Everything.  ENOSPC means there is no space.  There might be space in
the non-determinant future, but if the layer just needs to GC it must
not report the error.

u

> What is permanent about an IO failing with EILSEQ because a t10
> checksum failed due to a random bit error detected between the HBA
> and the storage device? Retry the IO, and it goes through just fine
> without any failures.

Normally it means your checksum was wrong.  If you have bit errors
in the cable they will show up again, maybe not on the next I/O
but soon.

> These transient error types typically only need a write retry after
> some time period to resolve, and that's what XFS does by default.
> What makes these sorts of errors persistent in the linux block layer
> and hence requiring an immediate filesystem shutdown and complete
> denial of service to the storage?
> 
> I ask this seriously, because you are effectively saying the linux
> storage stack now doesn't behave the same as the model we've been
> using for decades.

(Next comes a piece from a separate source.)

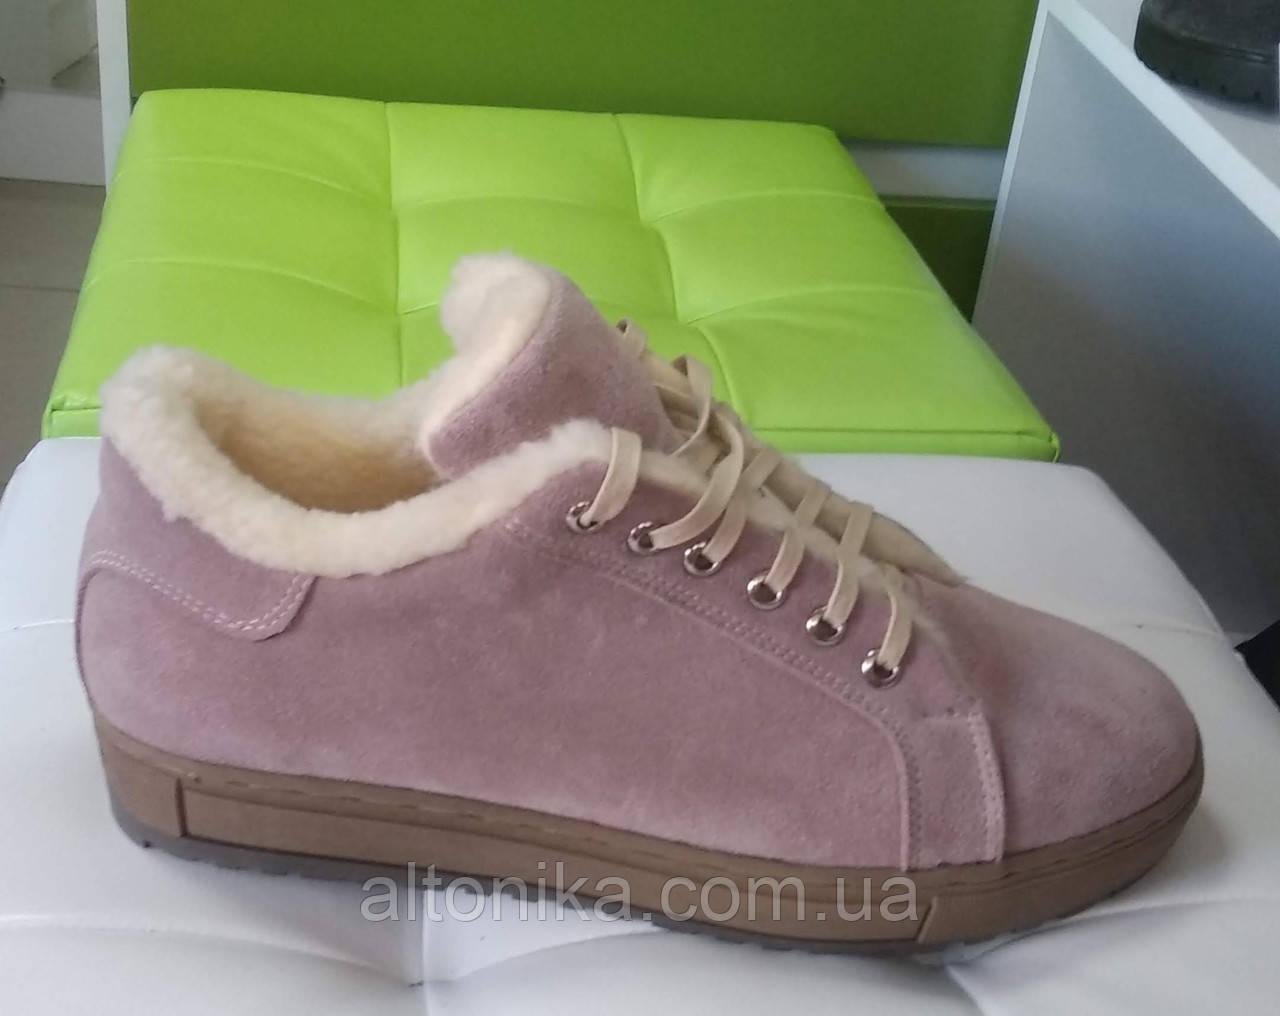 STTOPA зима. Размеры 40-45. Ботинки кожаные больших размеров. С-9-44-4045-35-4045

What has changed, and when did it change?

Hey, you can retry.  You're unlikely to improve the situation though
but instead just keep deferring the inevitable shutdown.

> > Which also leaves me a bit puzzled what the XFS metadata retries are
> > actually trying to solve, especially without even having a corresponding
> > data I/O version.
> 
> It's always been for preventing immediate filesystem shutdown when
> spurious transient IO errors occur below XFS. Data IO errors don't
> cause filesystem shutdowns - errors get propagated to the
> application - so there isn't a full system DOS potential for
> incorrect classification of data IO errors...

Except as we see in this thread for a fairly common use case (buffered
I/O without fsync) they don't.  And I agree with you that this is not
how you write applications that care about data integrity - but the
entire reset of the system and just about every common utility is
written that way.

And even applications that fsync won't see you fancy error code.  The
only thing stored in the address_space for fsync to catch is EIO and
ENOSPC.